Introduction to Particle Methods in LS-DYNA®


Stu­dents should:

  • be fa­mil­iar with LS-Pre­Post®,
  • un­der­stand the ba­sic LS-DY­NA key­words,
  • and be able to run LS-DY­NA sim­u­la­tions.


This class cov­ers the three par­ti­cle meth­ods avail­able in LS-DY­NA: peri­dy­nam­ics, smoothed par­ti­cle Galerkin (SPG) and smoothed par­ti­cle hy­dro­dy­nam­ics (SPH). With these meth­ods the an­a­lyst can nat­u­ral­ly mod­el sit­u­a­tions lead­ing to dis­con­ti­nu­ities at short­er scales, crack for­ma­tion, and frag­men­ta­tion, for in­stance, with­out hav­ing to al­to­geth­er aban­don con­tin­u­um me­chan­ics for atom­istics. In ad­di­tion to cov­er­ing how to set-up LS-DY­NA sim­u­la­tions us­ing these meth­ods, this class will pro­vide the the­o­ret­i­cal back­ground of these meth­ods, a de­tailed de­scrip­tion of how these meth­ods are im­ple­ment­ed, and the nu­mer­i­cal ad­van­tages /­ dis­ad­van­tages of these meth­ods. This class in­cludes hands-on tu­to­ri­als.

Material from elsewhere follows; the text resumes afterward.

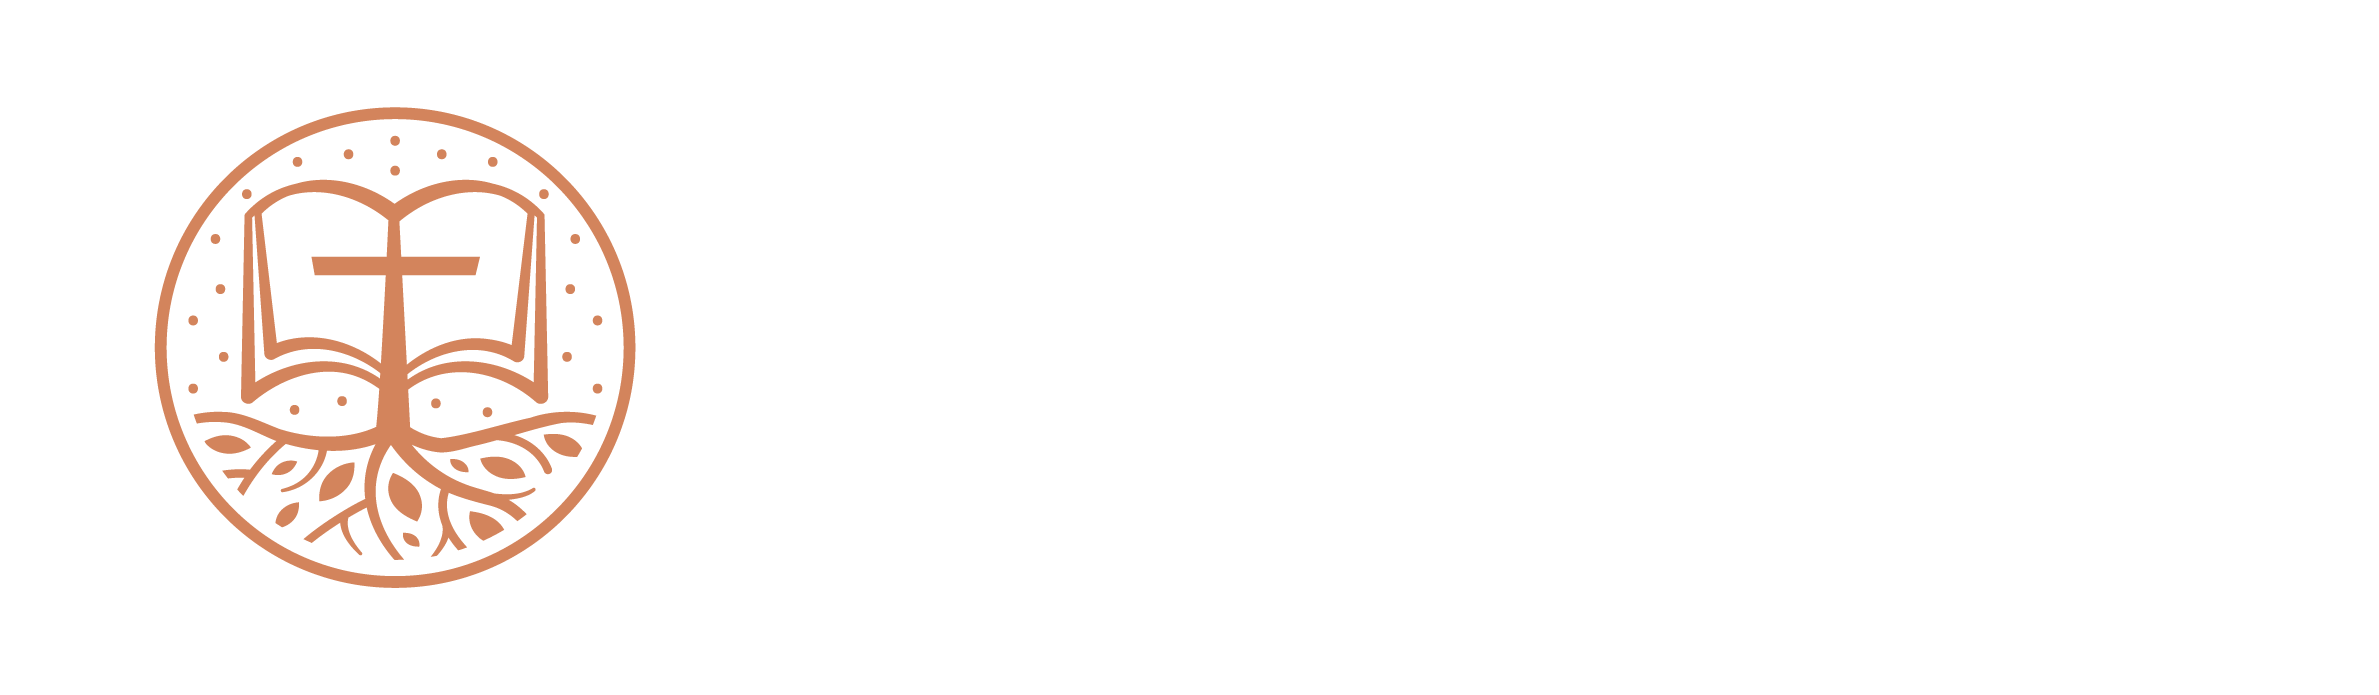 Baptistický zbor Ružomberok

  • Peri­dy­nam­ics. LS-DY­NA peri­dy­nam­ics is in­tend­ed for brit­tle frac­ture analy­sis in three di­men­sion­al solids. This method us­es a dis­con­tin­u­ous Galerkin fi­nite el­e­ment frame­work. It is most­ly used for frac­ture analy­sis of car wind­shields, win­dow glass and com­pos­ite ma­te­ri­als.

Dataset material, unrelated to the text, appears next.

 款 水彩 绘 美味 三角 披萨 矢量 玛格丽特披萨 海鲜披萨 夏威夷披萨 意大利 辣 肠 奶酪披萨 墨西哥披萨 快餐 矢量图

  • SPG. The SPG method is de­vel­oped for se­mi-brit­tle and duc­tile fail­ure analy­ses in three di­men­sion­al sol­id struc­tures. A bond-based fail­ure mech­a­nism mod­els ma­te­r­i­al fail­ure in var­i­ous man­u­fac­tur­ing and im­pact pen­e­tra­tion process­es, such as met­al fric­tion drilling, met­al ma­chin­ing, and high ve­loc­i­ty im­pact on con­crete and met­al tar­gets.

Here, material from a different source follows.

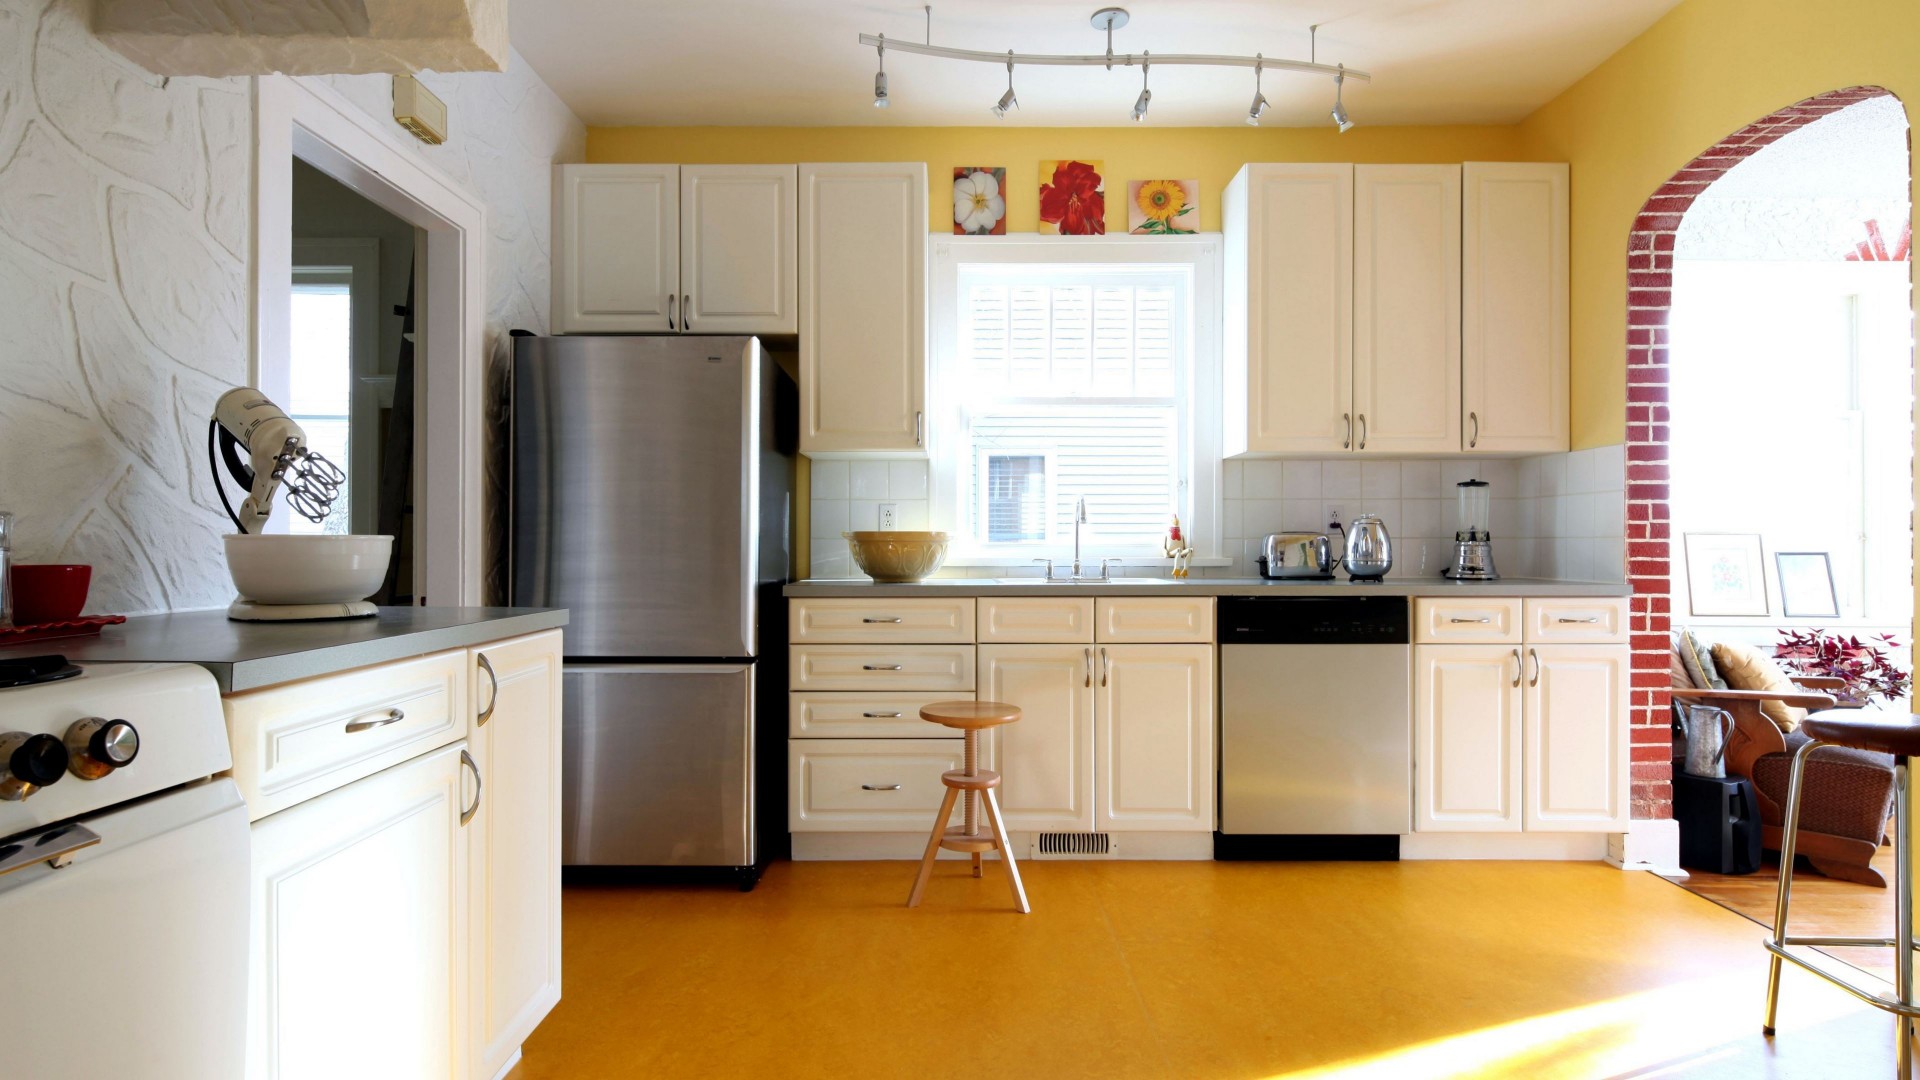 Interior Simple Kitchen Design / Simple Kitchen Design Ideas - Kitchen

  • SPH. SPH is a La­grangian par­ti­cle method for mod­el­ing flu­id flows and sol­id bod­ies. For ex­treme­ly large de­for­ma­tion analy­sis, it can avoid the mesh dis­tor­tion is­sue of con­ven­tion­al FEM. It is suit­able for mod­el­ing com­plex free sur­face and ma­te­r­i­al in­ter­face be­hav­ior, such frag­men­ta­tion. SPH has been ap­plied ex­ten­sive­ly to in­com­press­ible flows, heat con­duc­tion and high ex­plo­sive prob­lems.